Semantik ist eher das, was der Compiler unter z. B. einer syntaktisch korrekten Aussage (Befehl, Anweisung) versteht... diese stimmt hoffentlich immer mit der Interpretation des Entwicklers überein, d. h. Mensch und Maschine sprechen dieselbe Sprache 

Exceptions sind je nach Logik gewollt, darum gibt es ja die Möglichkeit diese abzufangen. Komisches Programmverhalten, wie z. B. ein Array-Überlauf oder ein Null-Pointer sind logische Fehler.

Ein nicht-akademischer Ansatz:
Syntax ist die Definition einer Sprache, wie eine strenge Grammatik - erst Prädikat, dann Subjekt, dann Objekt und anschließend ein Punkt, Frage- oder Ausrufezeichen, also ganz klare Regeln, wie etwas ausgedrückt werden kann. Semantik ist die Interpretation einer syntaktisch-korrekten Sprache. Man kann aber viel mit einer Sprache ausdrücken, aber nicht jede Aussage macht Sinn, auch wenn dessen Syntax bzw. Grammatik ok ist.

Gruß


----------



## FelixII (16. Jan 2011)

Super, danke für die ausführliche Erklärung. 

Gruß

Felix


----------



## Bierhumpen (16. Jan 2011)

Das [c]a = b;[/c] ist natürlich kein Syntaxfehler, sondern ein semantischer Fehler im Code. Die Syntax ist doch völlig korrekt.

Mit Exceptions oder Fehlverhalten haben semantische Fehler übrigens auch nichts zu tun, das sind dann Programmierfehler ;-)


----------



## FelixII (16. Jan 2011)

Ok und wer hat jetzt recht? ???:L


----------



## XHelp (16. Jan 2011)

Bierhumpen hat gesagt.:


> Das [c]a = b;[/c] ist natürlich kein Syntaxfehler, sondern ein semantischer Fehler im Code. Die Syntax ist doch völlig korrekt.


Nö? Der Compiler wird meckern, dass "possible loss of precision" und nicht kompilieren.


> Mit Exceptions oder Fehlverhalten haben semantische Fehler übrigens auch nichts zu tun, das sind dann Programmierfehler ;-)



Auf die Gefahr hin mich zu wiederholen: Nö? Das stimmt auch nicht


----------



## Gast2 (16. Jan 2011)

Bierhumpen hat gesagt.:


> Mit Exceptions oder Fehlverhalten haben semantische Fehler übrigens auch nichts zu tun, das sind dann Programmierfehler ;-)

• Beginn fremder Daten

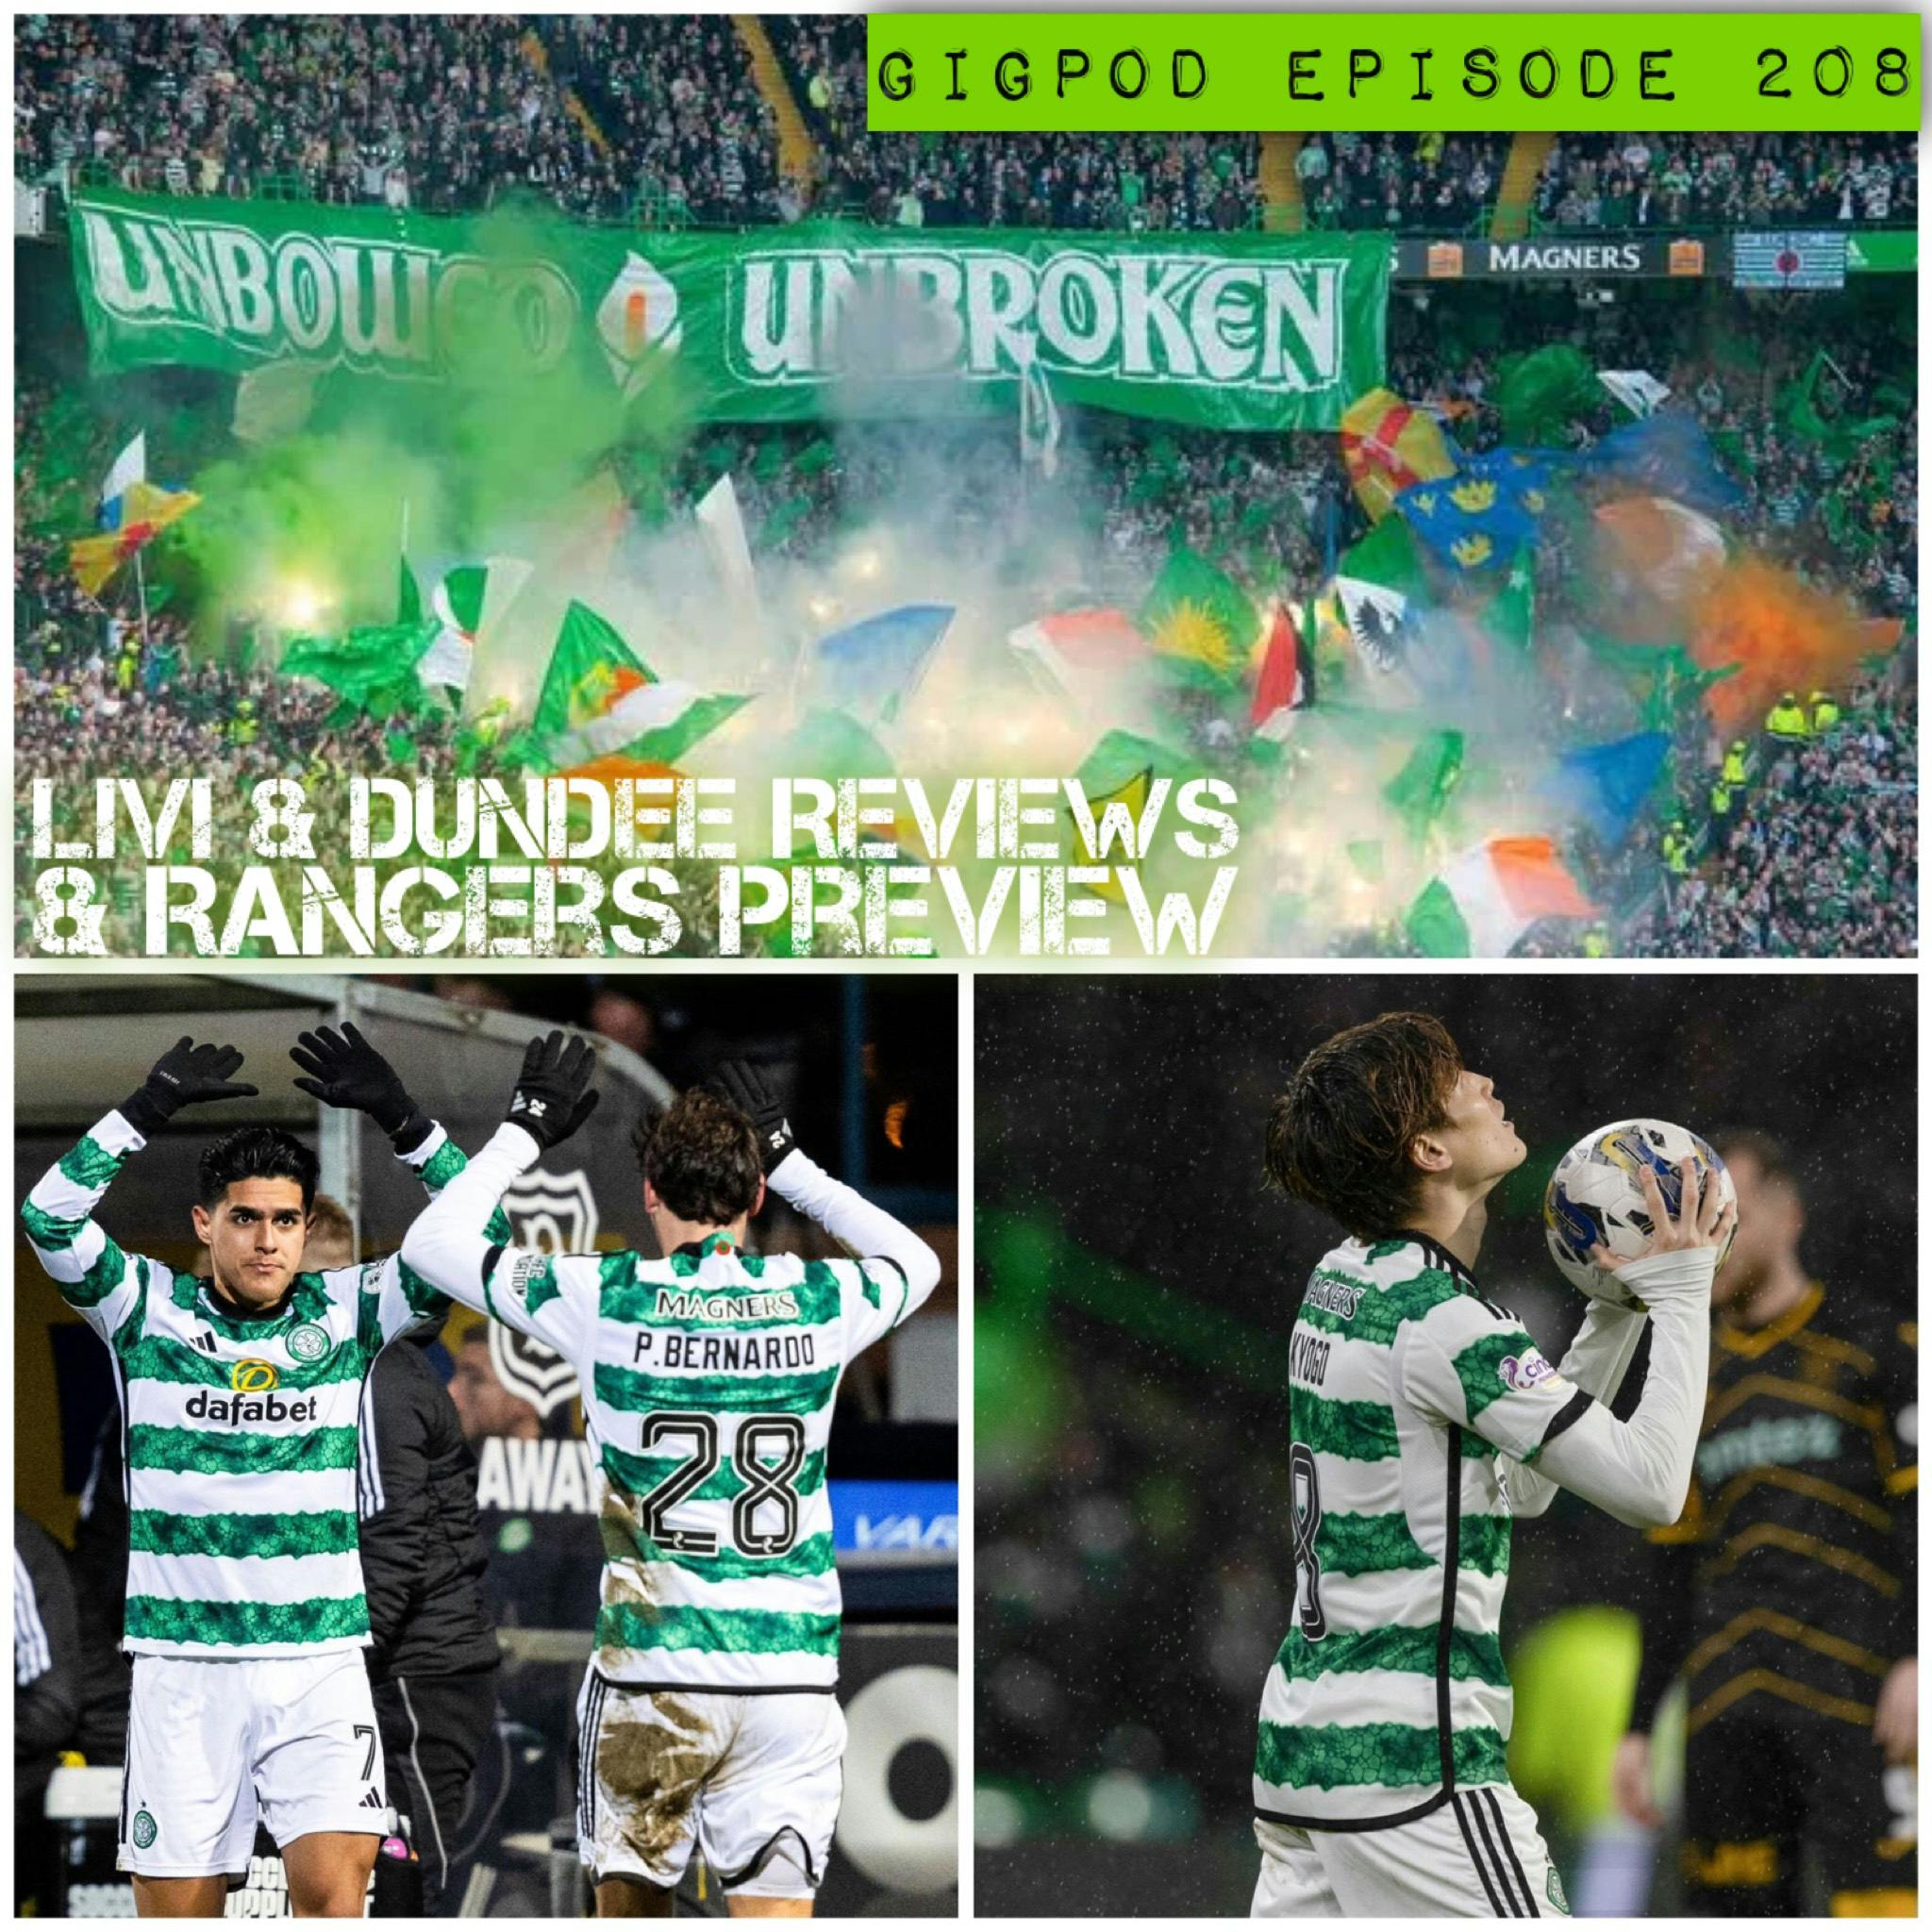 GIGPOD EP 208: LIVI & DUNDEE REVIEWS & RANGERS PREVIEW

weil der Benutzer mit meinem Programm eine Datei schreiben wozu er kein Recht hat, ist es also mein Programmierfehler das ich die IOException abfange ... immer mache ich alles falsch - ;(

hand, mogel


----------



## Bierhumpen (16. Jan 2011)

XHelp hat gesagt.:


> Nö? Der Compiler wird meckern, dass "possible loss of precision" und nicht kompilieren.


Richtig, weil es ein semantischer Fehler im Code ist...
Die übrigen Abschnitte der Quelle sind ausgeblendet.